Yes, sure. My applications are mainly in theorem proving and symbolic
computation where this isn't an issue, and I can imagine it might not
be suitable elsewhere.
| - Also, it does not preserve the natural order for keys, and that
| is particularly bad, because I often use, for instance,
| float-indexed maps or sets as a substitute for heaps.
When I was looking at this area last time (maybe just following the
references from the paper I cited) I came across a kind of mixed
heap/tree structure with distinct "horizontal" and "vertical"
orderings. That might be something to consider. But once again there
is a bad worst-case performance if the two orders happen to be
correlated.
| The paper with the inverse cubic lower bound is *very* interesting; we
| don't see plausible lower bounds often in complexity theory,
| especially with such large assumptions (just bounded out-degree for
| the graph nodes).
|
| So it seems there is little hope to have a drop-in replacement for Set
| or Map that is compatible with the natural order of things, a.k.a.,
| Pervasives.compare.
Yes, I really found it striking that in a fundamental sense, you need
to pay the price of noncanonicality in order to get the guaranteed
O(log n) lookup.
John.
[-- Attachment #2: map.ml --]
[-- Type: application/octet-stream, Size: 10766 bytes --]
(* ------------------------------------------------------------------------- *)
(* Polymorphic finite partial functions via Patricia trees. *)
(* *)
(* The point of this strange representation is that it is canonical (equal *)

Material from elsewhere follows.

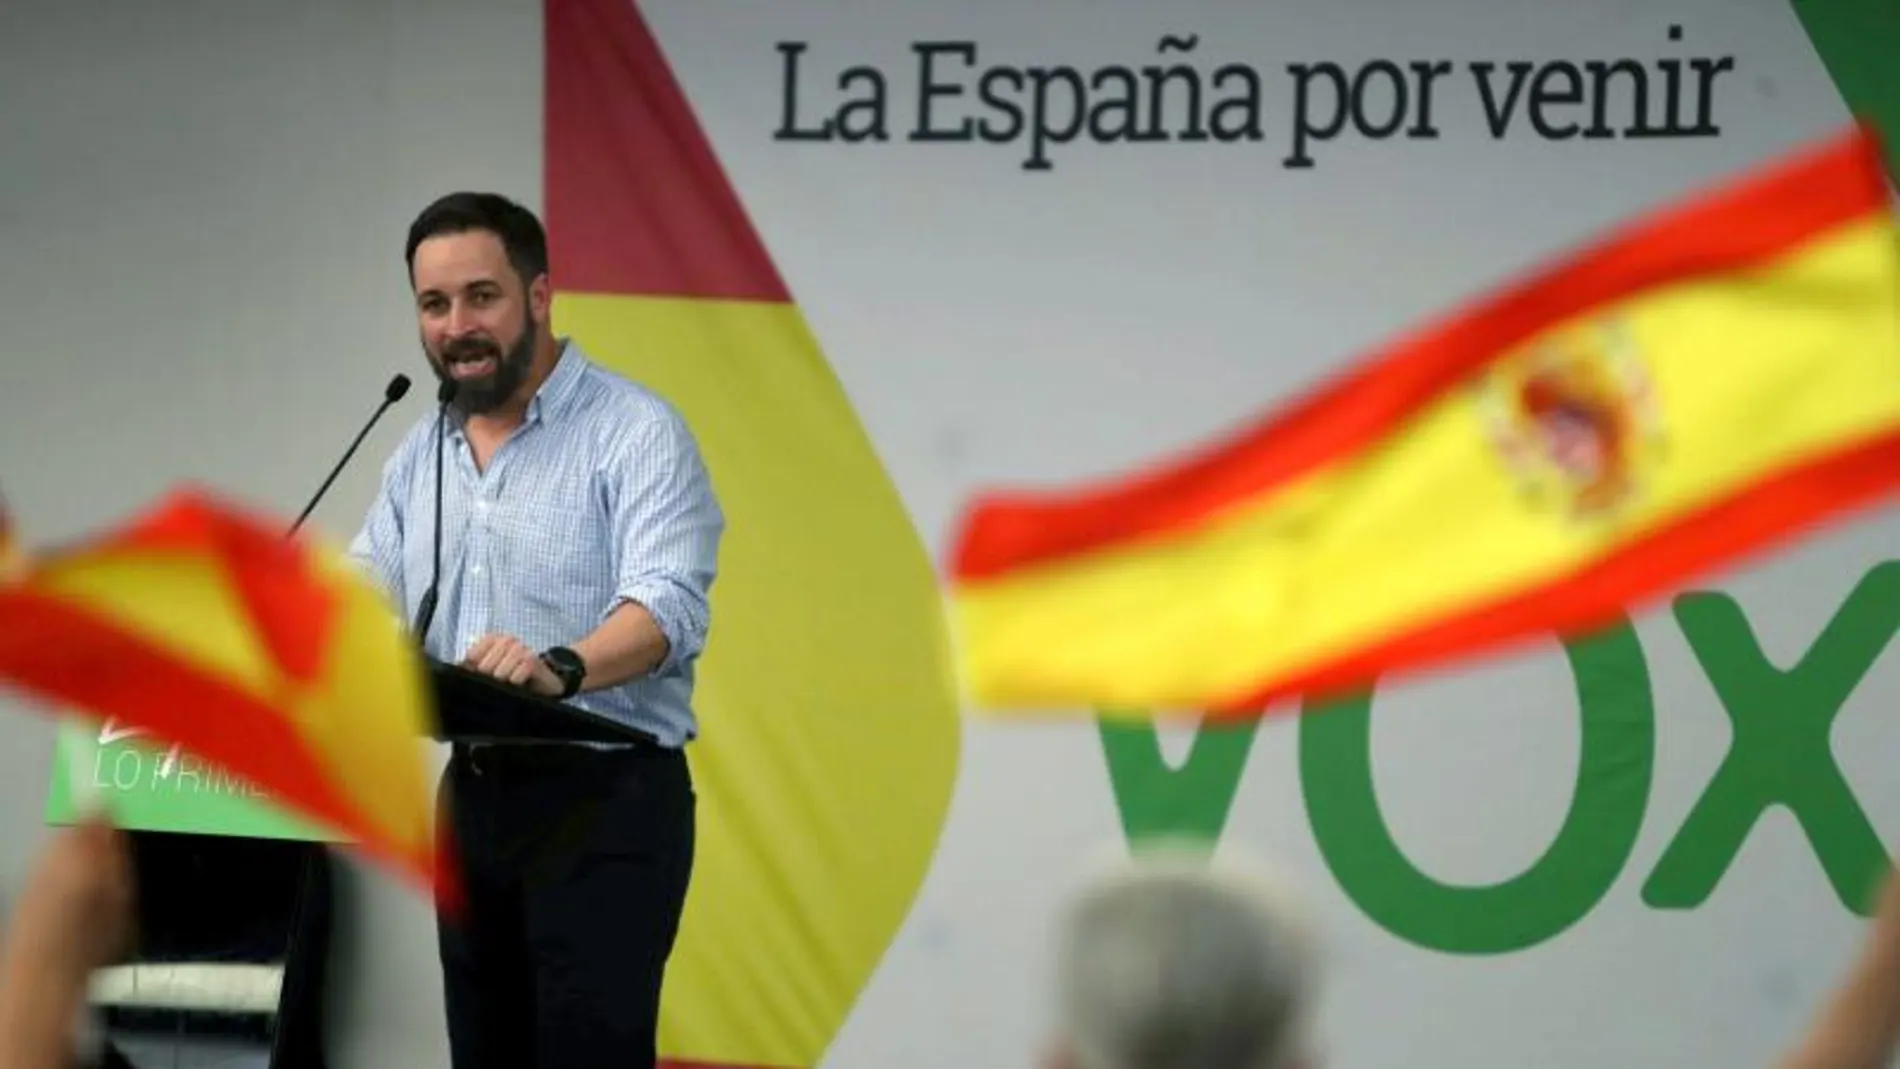 El presidente nacional de VOX, Santiago Abascal interviene en un acto celebrado en Barcelona
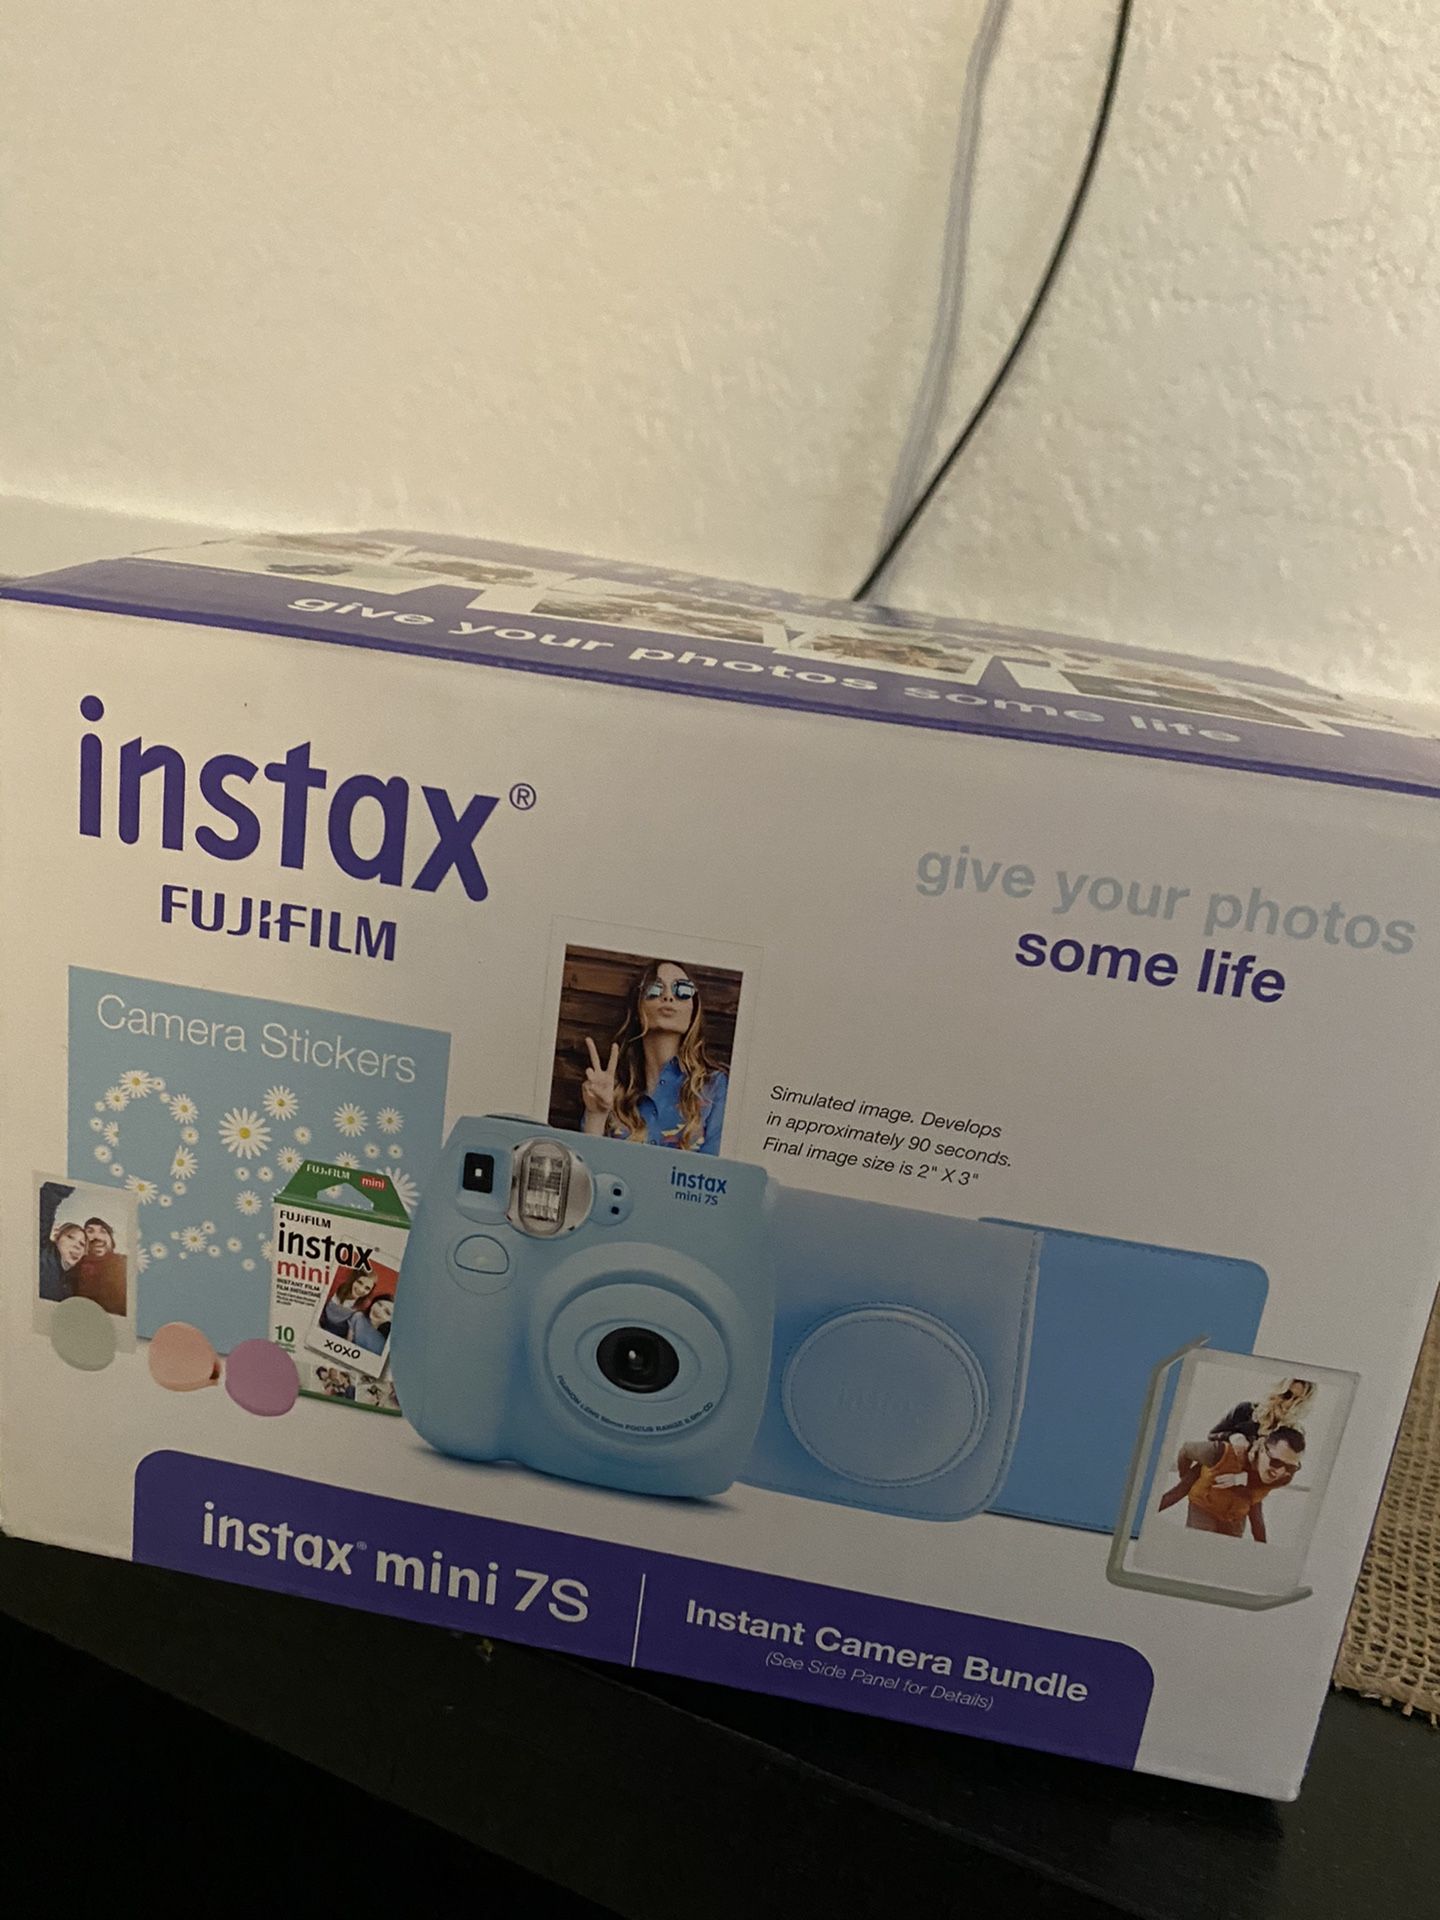 Instax Fuji film camera kit new

(* functions have the same encoding) yet reasonably efficient on average. *)
(* *)
(* (c) John Harrison 2003. *)
(* *)
(* See http://www.cl.cam.ac.uk/~jrh13/atp/OCaml/LICENSE.txt *)
(* *)
(* Idea due to Diego Olivier Fernandez Pons (OCaml list, 2003/11/10). *)
(* ------------------------------------------------------------------------- *)
type ('a,'b)func =
Empty
| Leaf of int * ('a*'b)list
| Branch of int * int * ('a,'b)func * ('a,'b)func;;
(* ------------------------------------------------------------------------- *)
(* Undefined function. *)
(* ------------------------------------------------------------------------- *)
let undefined = Empty;;
(* ------------------------------------------------------------------------- *)
(* In case of equality comparison worries, better use this. *)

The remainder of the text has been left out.